In baptism, God gathers us as one family, united by the one Spirit in the one Body of Christ, to live in communion with God the Father. That’s the reality that God designed creation to be from the beginning. But, sadly, we lost that when we chose our way over God’s way.

This paradise of the new creation will appear when Jesus comes again. But the Holy Spirit has already planted that new creation within you. Having been baptized into Christ, you have received the gift of the Holy Spirit. And if you have the Spirit within you, that means you are part of God’s family, because God is now in you. And the Holy Spirit working in you makes you into the likeness of Christ. In the communion of Jesus’ Body and Blood, His image and likeness become part of you through faith.

Baptism connects you to Jesus’ death. In the same way, Jesus’ life enters you, takes hold of you, and implants, inside you, the beginnings of the life of the world to come. So, how fitting that our Lord’s first public appearance as the Messiah was at His baptism! For baptism means death AND resurrection, for it joins us to Jesus in His death and resurrection.

And why this true?
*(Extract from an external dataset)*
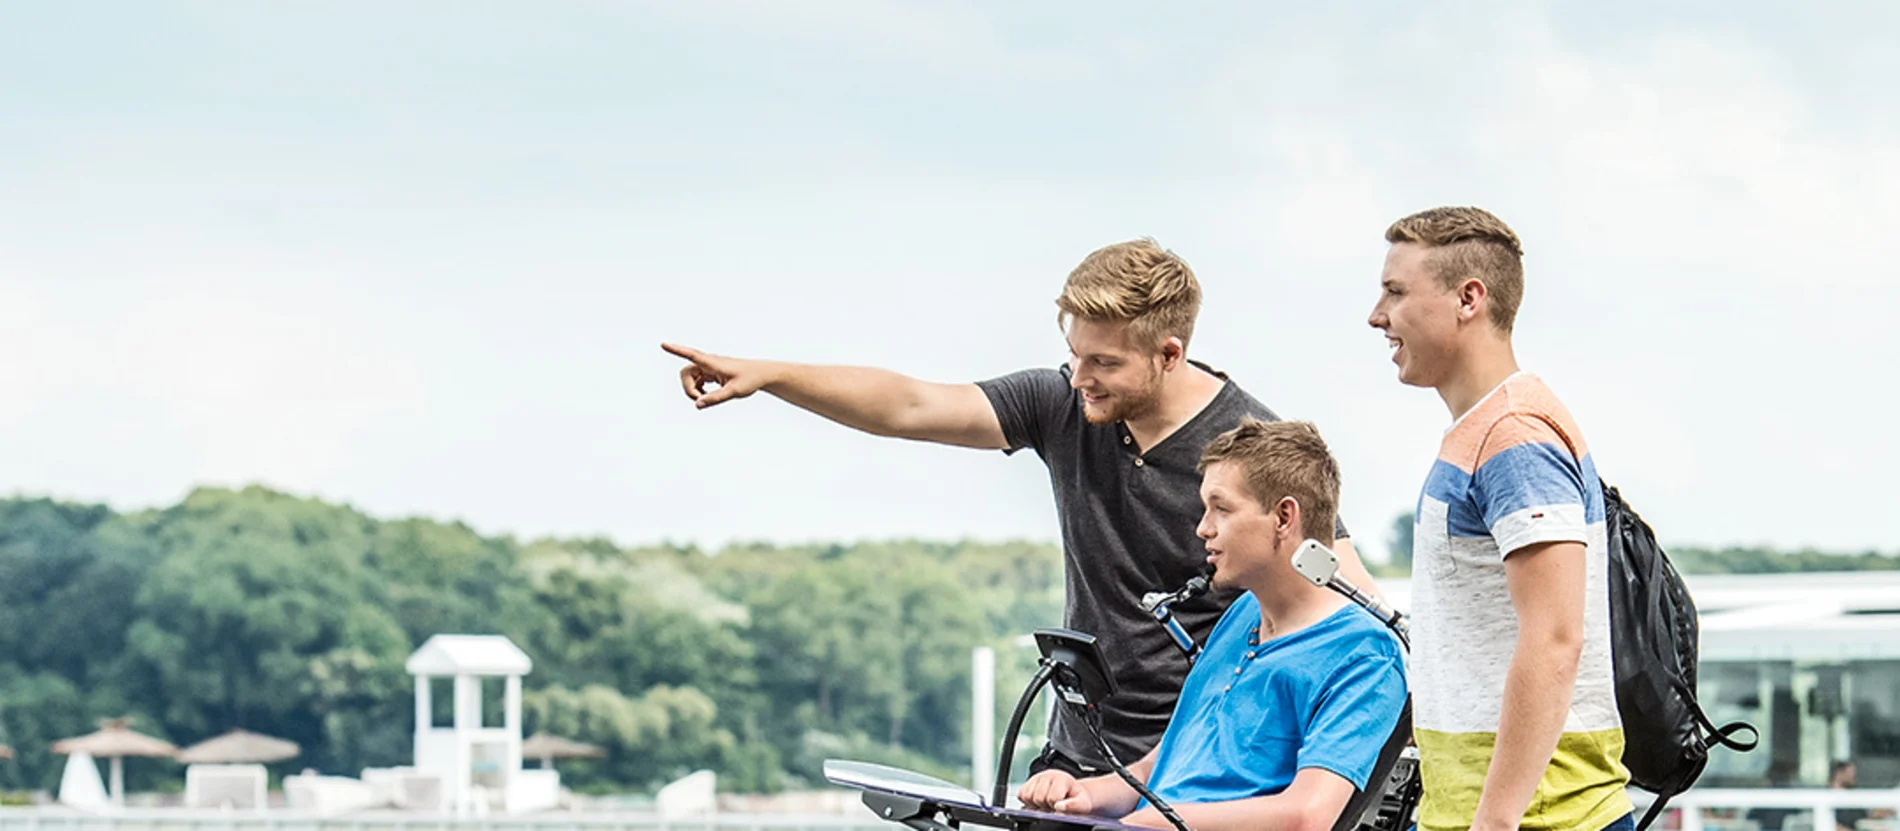 Drei junge Männer, einer davon im Rollstuhl, stehen an einem See und beobachten etwas in der Ferne.
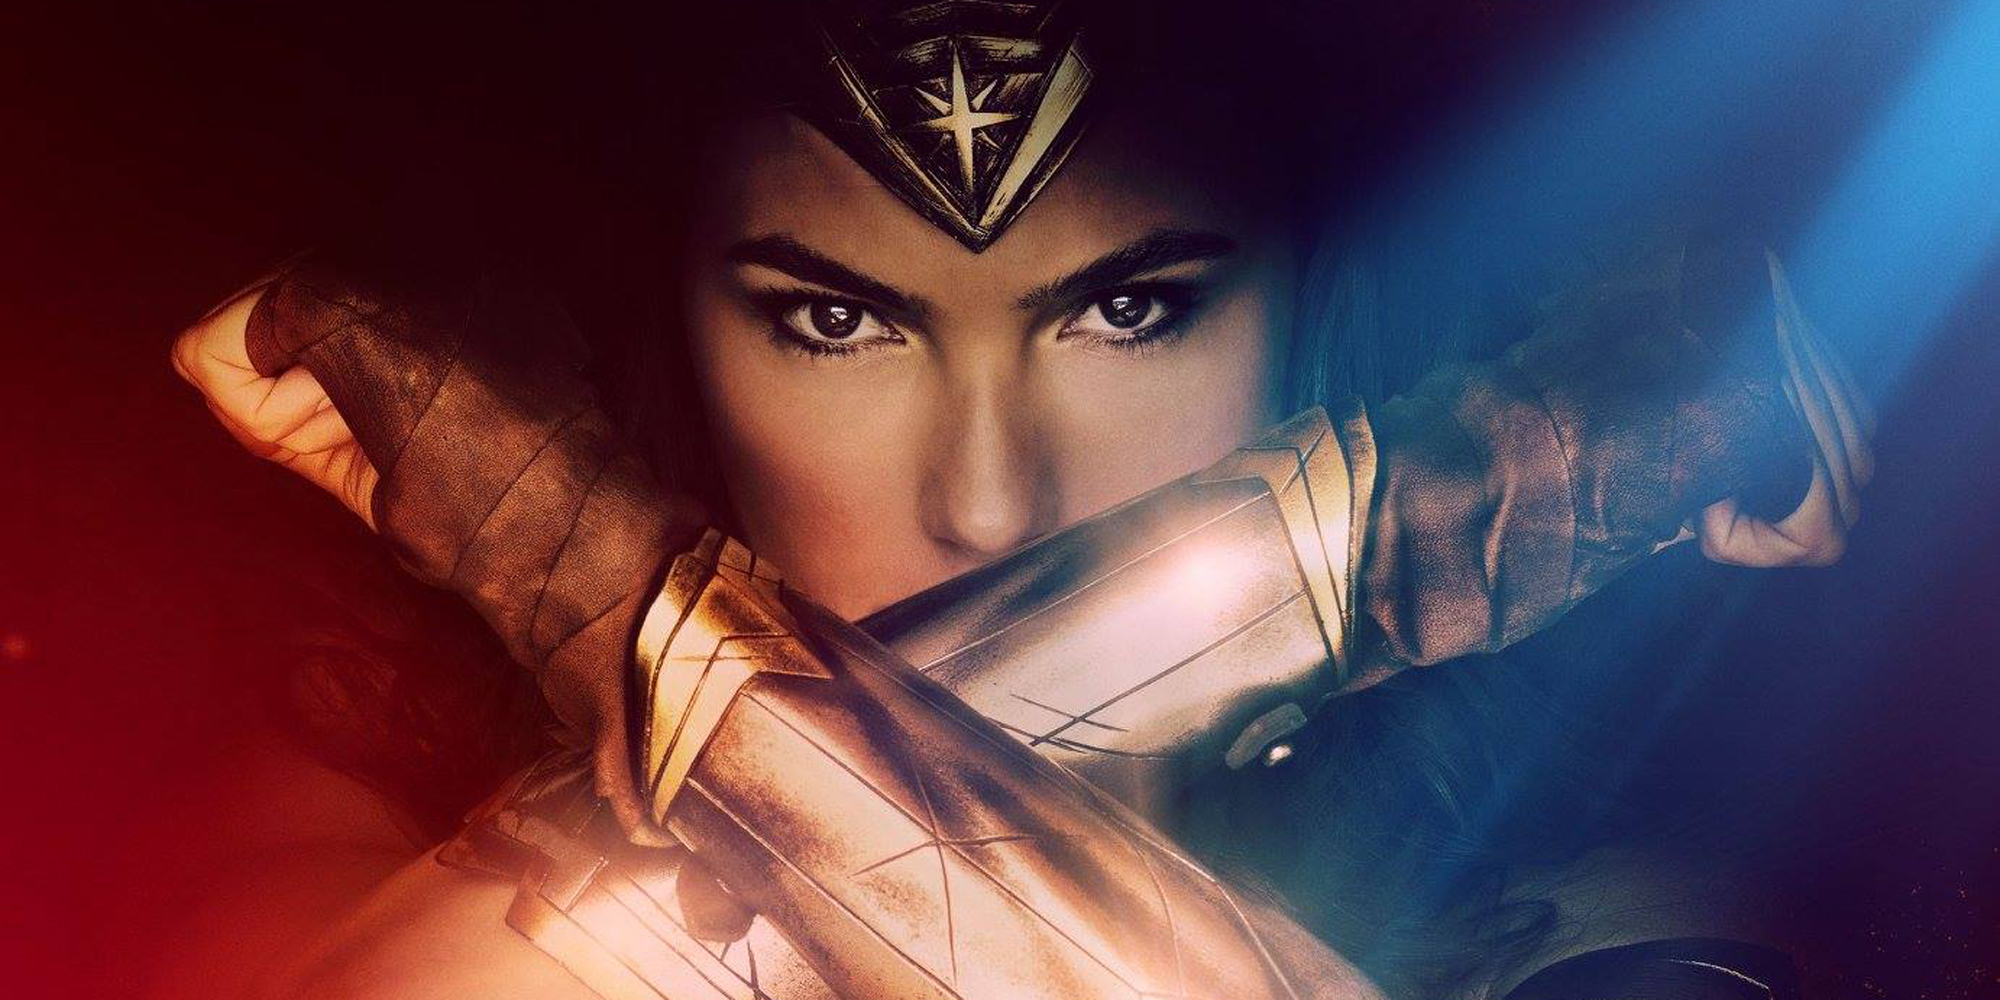  Un nouveau trailer pour Wonder Woman

It’s because “we were buried with Christ by baptism into His death, so that, just as Christ was raised from the dead by the Father’s glory, we too can walk in newness of life. And if we have been joined with Christ in the likeness of His death, we will also be joined with Him in the likeness of His resurrection” (Romans 6:4-5).

When you were baptized into the Name of the Father, Son, and Holy Spirit, heaven opened for you. In baptism, the Triune God reveals Himself to you. The Son is there with you in the water. The Spirit descends on you. And The Father speaks to you: “You are my [child], whom I dearly love; with you I am well pleased” (Luke 3:22).

Jesus bowed His head before the Baptizer in the water of the Jordan. The sinless Son of God came among the sinful sons of Adam, to fulfill all righteousness, to take up His cross, to prepare for sacrifice, and to empower water to become our birth from above.

 

 

The Spirit descended, the Father delighted, and the Son is revealed to you for your salvation. Amen.